(Records contained in a dataset)
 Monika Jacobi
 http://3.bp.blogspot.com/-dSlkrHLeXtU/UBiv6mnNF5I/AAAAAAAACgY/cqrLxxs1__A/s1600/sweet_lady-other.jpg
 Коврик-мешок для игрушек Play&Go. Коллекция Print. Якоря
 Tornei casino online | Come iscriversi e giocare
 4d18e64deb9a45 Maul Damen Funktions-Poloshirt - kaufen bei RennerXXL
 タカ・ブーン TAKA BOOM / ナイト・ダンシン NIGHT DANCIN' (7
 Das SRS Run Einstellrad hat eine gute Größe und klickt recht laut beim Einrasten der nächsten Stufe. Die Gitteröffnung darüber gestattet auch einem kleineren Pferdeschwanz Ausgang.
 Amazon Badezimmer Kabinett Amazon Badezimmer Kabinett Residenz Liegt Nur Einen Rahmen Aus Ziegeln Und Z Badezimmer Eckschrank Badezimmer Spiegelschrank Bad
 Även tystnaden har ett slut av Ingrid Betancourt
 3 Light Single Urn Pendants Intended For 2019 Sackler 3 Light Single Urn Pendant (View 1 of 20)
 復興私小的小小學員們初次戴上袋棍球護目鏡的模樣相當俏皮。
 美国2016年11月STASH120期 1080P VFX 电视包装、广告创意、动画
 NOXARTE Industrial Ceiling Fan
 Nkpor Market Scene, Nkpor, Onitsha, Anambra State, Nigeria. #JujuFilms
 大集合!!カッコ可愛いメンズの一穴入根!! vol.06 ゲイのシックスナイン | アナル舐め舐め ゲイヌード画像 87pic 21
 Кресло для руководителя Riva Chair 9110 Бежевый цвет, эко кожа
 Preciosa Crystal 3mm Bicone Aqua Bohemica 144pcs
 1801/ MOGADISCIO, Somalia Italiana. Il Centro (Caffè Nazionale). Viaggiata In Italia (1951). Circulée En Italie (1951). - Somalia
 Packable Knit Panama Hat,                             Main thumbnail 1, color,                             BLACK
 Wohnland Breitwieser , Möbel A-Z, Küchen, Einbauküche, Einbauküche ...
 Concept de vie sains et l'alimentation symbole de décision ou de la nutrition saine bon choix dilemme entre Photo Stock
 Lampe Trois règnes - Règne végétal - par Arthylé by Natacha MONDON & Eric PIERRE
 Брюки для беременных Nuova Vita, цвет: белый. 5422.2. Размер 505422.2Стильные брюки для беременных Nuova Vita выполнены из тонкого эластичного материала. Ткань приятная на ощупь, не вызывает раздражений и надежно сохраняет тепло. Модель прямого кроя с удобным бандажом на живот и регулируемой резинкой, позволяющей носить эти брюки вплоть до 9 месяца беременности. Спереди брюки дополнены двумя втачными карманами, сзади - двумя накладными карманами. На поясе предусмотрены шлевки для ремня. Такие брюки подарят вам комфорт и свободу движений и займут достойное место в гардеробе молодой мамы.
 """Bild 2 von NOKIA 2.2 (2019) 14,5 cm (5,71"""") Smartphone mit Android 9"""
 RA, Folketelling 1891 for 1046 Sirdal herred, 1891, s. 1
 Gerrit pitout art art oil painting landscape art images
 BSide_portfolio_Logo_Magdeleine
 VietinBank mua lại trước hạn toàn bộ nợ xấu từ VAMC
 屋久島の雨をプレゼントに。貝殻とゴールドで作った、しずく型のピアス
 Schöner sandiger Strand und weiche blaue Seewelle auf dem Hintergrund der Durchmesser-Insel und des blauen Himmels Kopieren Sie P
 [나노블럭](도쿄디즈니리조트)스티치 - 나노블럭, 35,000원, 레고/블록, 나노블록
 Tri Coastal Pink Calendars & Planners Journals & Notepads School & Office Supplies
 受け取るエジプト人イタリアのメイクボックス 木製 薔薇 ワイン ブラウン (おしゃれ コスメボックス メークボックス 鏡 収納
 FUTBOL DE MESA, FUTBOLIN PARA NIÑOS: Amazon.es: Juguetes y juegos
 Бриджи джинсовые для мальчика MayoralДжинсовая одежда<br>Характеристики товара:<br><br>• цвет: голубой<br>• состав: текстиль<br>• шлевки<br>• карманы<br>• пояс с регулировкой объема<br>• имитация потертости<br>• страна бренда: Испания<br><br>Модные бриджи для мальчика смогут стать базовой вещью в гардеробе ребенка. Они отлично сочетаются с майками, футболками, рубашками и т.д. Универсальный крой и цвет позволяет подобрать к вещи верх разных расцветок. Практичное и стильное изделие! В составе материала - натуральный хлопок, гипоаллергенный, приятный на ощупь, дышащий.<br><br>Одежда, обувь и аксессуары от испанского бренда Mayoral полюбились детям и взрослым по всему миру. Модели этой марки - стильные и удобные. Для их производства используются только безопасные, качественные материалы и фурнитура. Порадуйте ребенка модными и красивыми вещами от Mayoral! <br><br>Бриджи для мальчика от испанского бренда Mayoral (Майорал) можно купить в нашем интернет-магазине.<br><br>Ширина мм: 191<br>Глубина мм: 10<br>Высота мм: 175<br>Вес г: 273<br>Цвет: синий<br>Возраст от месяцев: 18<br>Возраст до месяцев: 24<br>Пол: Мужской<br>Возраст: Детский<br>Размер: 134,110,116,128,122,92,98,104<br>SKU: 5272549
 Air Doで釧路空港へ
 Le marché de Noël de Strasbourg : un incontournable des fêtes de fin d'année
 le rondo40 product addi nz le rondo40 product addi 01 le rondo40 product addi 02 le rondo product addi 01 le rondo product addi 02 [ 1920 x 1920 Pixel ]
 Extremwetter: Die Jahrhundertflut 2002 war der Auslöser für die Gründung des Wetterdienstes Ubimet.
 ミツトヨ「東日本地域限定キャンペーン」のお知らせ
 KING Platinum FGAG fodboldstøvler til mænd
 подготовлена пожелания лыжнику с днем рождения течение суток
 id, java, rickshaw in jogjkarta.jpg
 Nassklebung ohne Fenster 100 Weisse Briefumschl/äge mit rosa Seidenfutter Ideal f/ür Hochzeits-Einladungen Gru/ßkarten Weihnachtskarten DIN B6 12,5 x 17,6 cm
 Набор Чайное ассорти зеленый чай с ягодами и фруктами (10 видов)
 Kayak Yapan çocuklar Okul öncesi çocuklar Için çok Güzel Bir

Problem requirements — Beginning at the first line of the records, retype exactly every line up to and including the one with "Amazon Badezimmer Kabinett Amazon".

Exercise response —
 Monika Jacobi
 http://3.bp.blogspot.com/-dSlkrHLeXtU/UBiv6mnNF5I/AAAAAAAACgY/cqrLxxs1__A/s1600/sweet_lady-other.jpg
 Коврик-мешок для игрушек Play&Go. Коллекция Print. Якоря
 Tornei casino online | Come iscriversi e giocare
 4d18e64deb9a45 Maul Damen Funktions-Poloshirt - kaufen bei RennerXXL
 タカ・ブーン TAKA BOOM / ナイト・ダンシン NIGHT DANCIN' (7
 Das SRS Run Einstellrad hat eine gute Größe und klickt recht laut beim Einrasten der nächsten Stufe. Die Gitteröffnung darüber gestattet auch einem kleineren Pferdeschwanz Ausgang.
 Amazon Badezimmer Kabinett Amazon Badezimmer Kabinett Residenz Liegt Nur Einen Rahmen Aus Ziegeln Und Z Badezimmer Eckschrank Badezimmer Spiegelschrank Bad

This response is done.